Existentially Compromised UX?

I dove deeper into the legal labyrinth of my own damnation. Buried in subsection 47.C.12 of the user agreement—written in font so small it practically required a microscope—I found it:

"In cases where the User can demonstrate that contractual consent was obtained through deliberately obscured or existentially compromising user experience design, a single renegotiation opportunity may be granted upon formal request and demonstration of genuine personal growth."

Genuine personal growth. There it was—the loophole. The catch-22. The thing that made demons better at customer service than most humans.

I spent the next six hours documenting every predatory design pattern in the soul-stealing website. Dark patterns, buried checkboxes, font manipulation, the whole UX hall of shame. By 3 AM, I had a presentation that would make any design ethics professor weep.

This could work. This could actually work.

My phone buzzed with a text from an unknown number: "Renegotiation request received. Meeting scheduled for 10 AM tomorrow. Peet's Coffee, 4th and Mission. Come alone. -C"

How did he get my number?

I checked my phone plan. Unlimited data, no roaming charges, three months of Spotify Premium.

Of course. Duh!

*******

Peet's Coffee at 10 AM buzzed with the typical San Francisco morning crowd—tech workers nursing hangovers, freelancers camping at tables, and one demon in business casual reviewing what appeared to be a performance evaluation.
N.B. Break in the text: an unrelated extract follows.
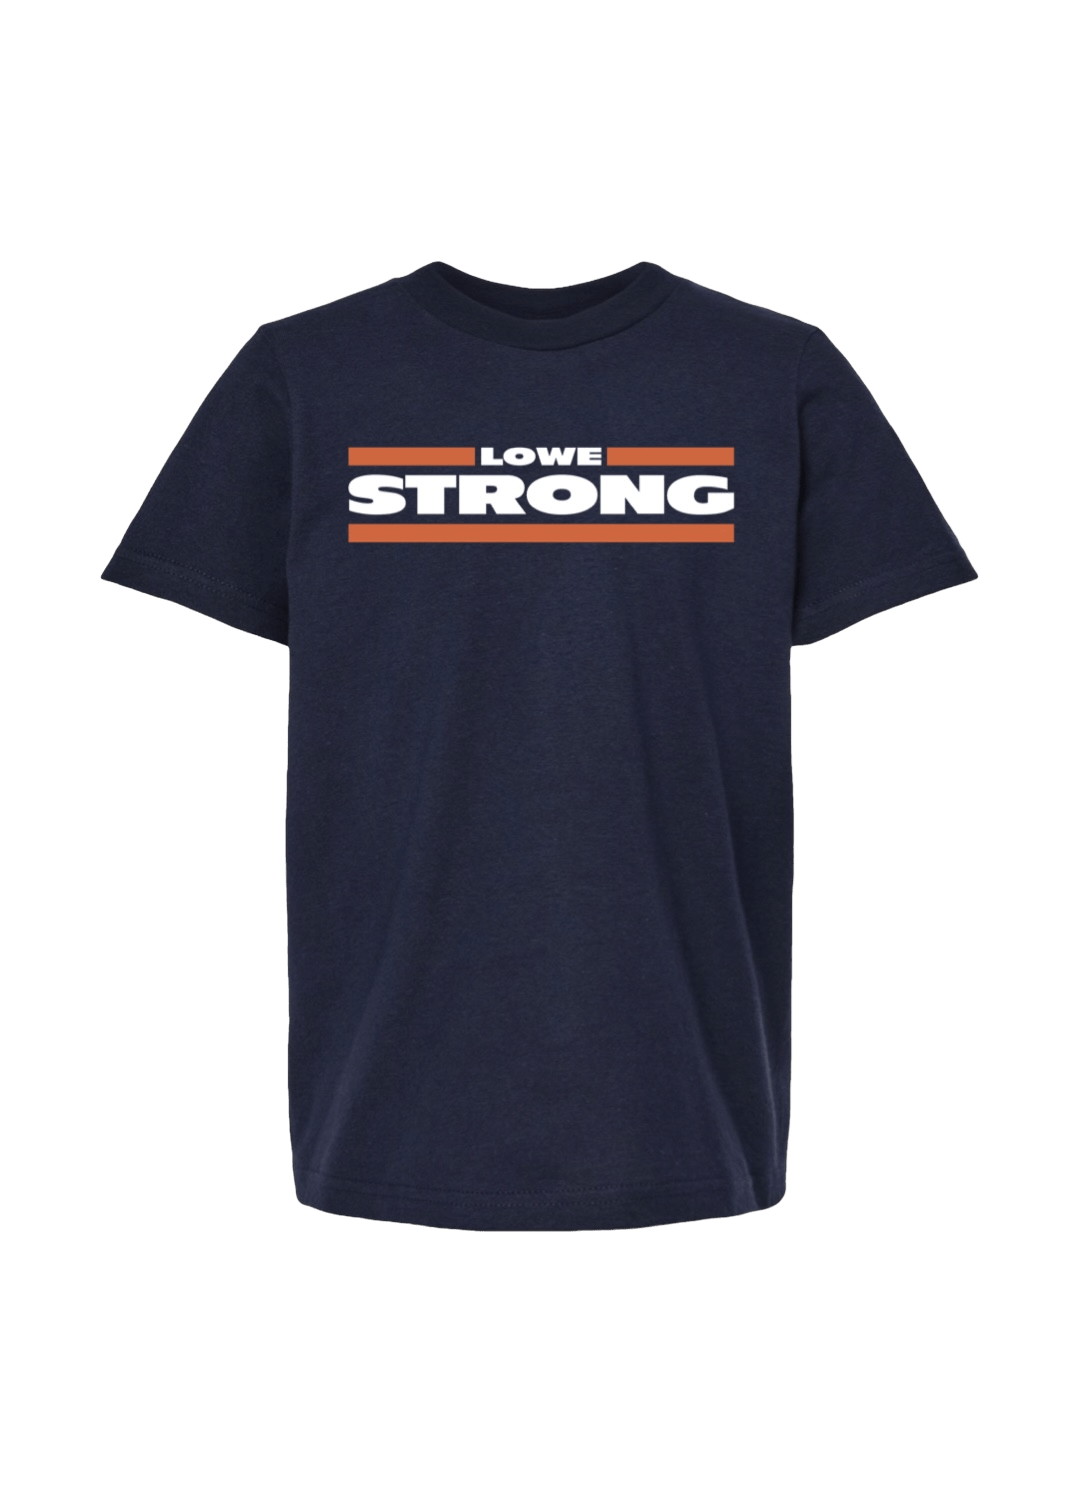 LOWE STRONG YOUTH (100% DONATED) - OBVIOUS SHIRTS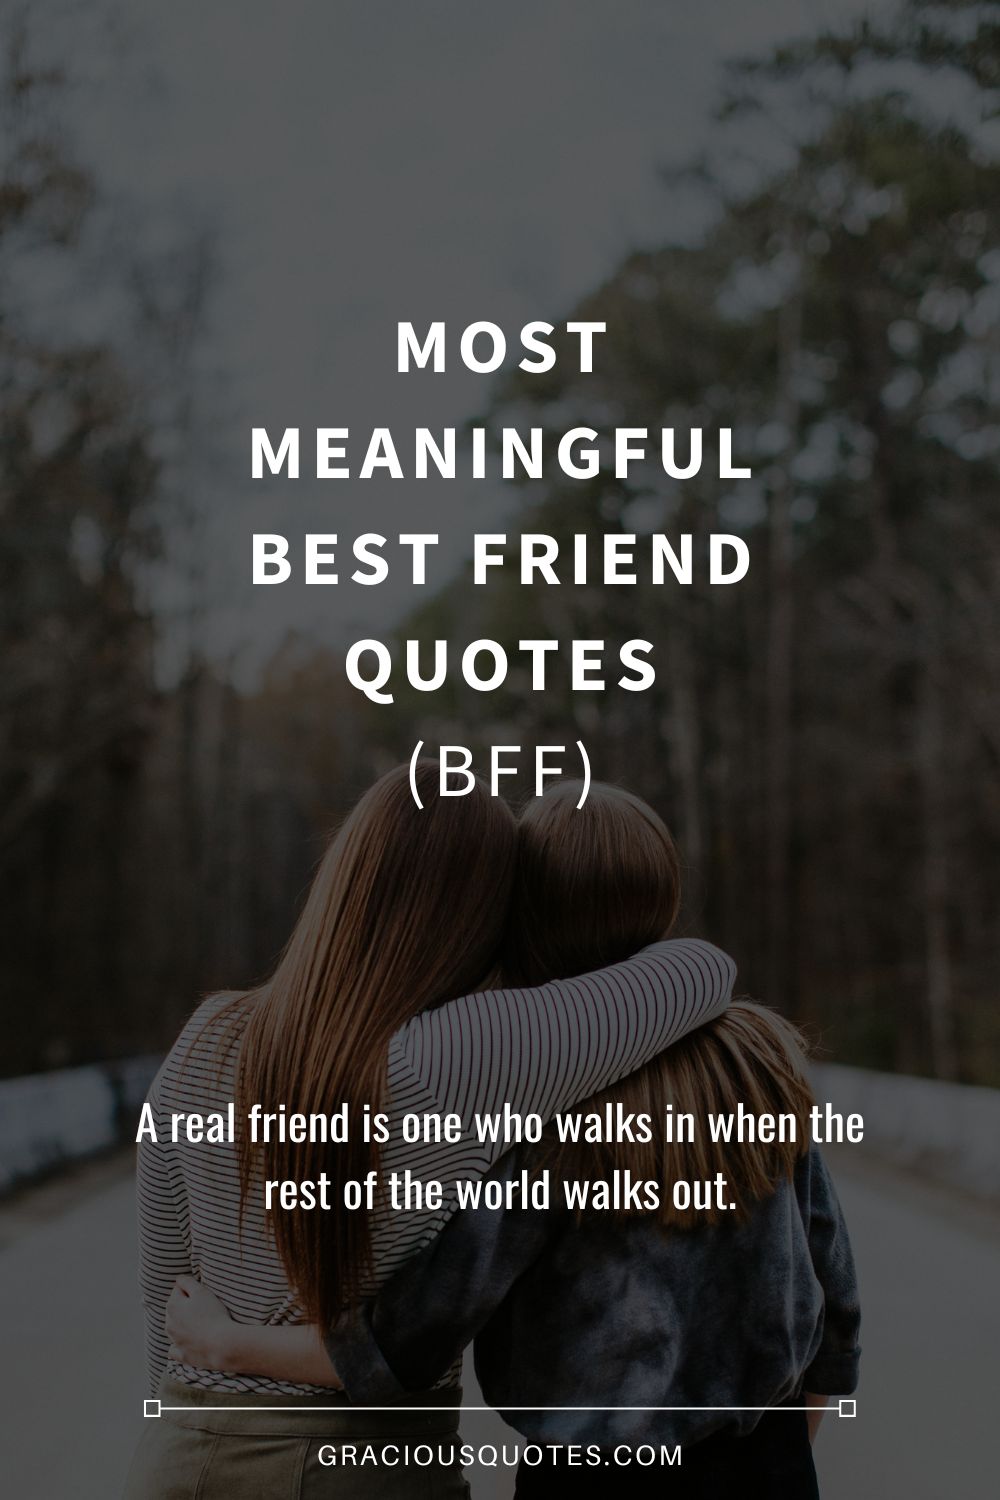 real friends quote

I'd brought backup: my friend Maya, a second-year law student who owed me several favors involving Python debugging and questionable dating app algorithms.

"This is insane," Maya whispered as we approached Clem's table. "You can't actually believe—"

She stopped mid-sentence when she saw Clem's eyes. The obsidian black. The way he reflected the coffee shop's Edison bulbs like dark stars.

"Nope," Maya said, backing toward the door. "Nope nope nope. Good luck, Ezra. I'll light a candle for you."

She fled, leaving me alone with my infernal customer service representative and a venti dark roast that suddenly tasted like regret.

"Mr. Goldblatt," Clem said, gesturing to the empty chair. "Please, sit. I've reviewed your appeal documentation. Quite thorough."

He's being nice. That's somehow worse than terrifying.

"So you'll void the contract?"

"I'm afraid not. However, your UX complaint has merit. The website design was intentionally predatory, crafted to exploit human psychological vulnerabilities." Clem's expression softened slightly. "That's... rather the point."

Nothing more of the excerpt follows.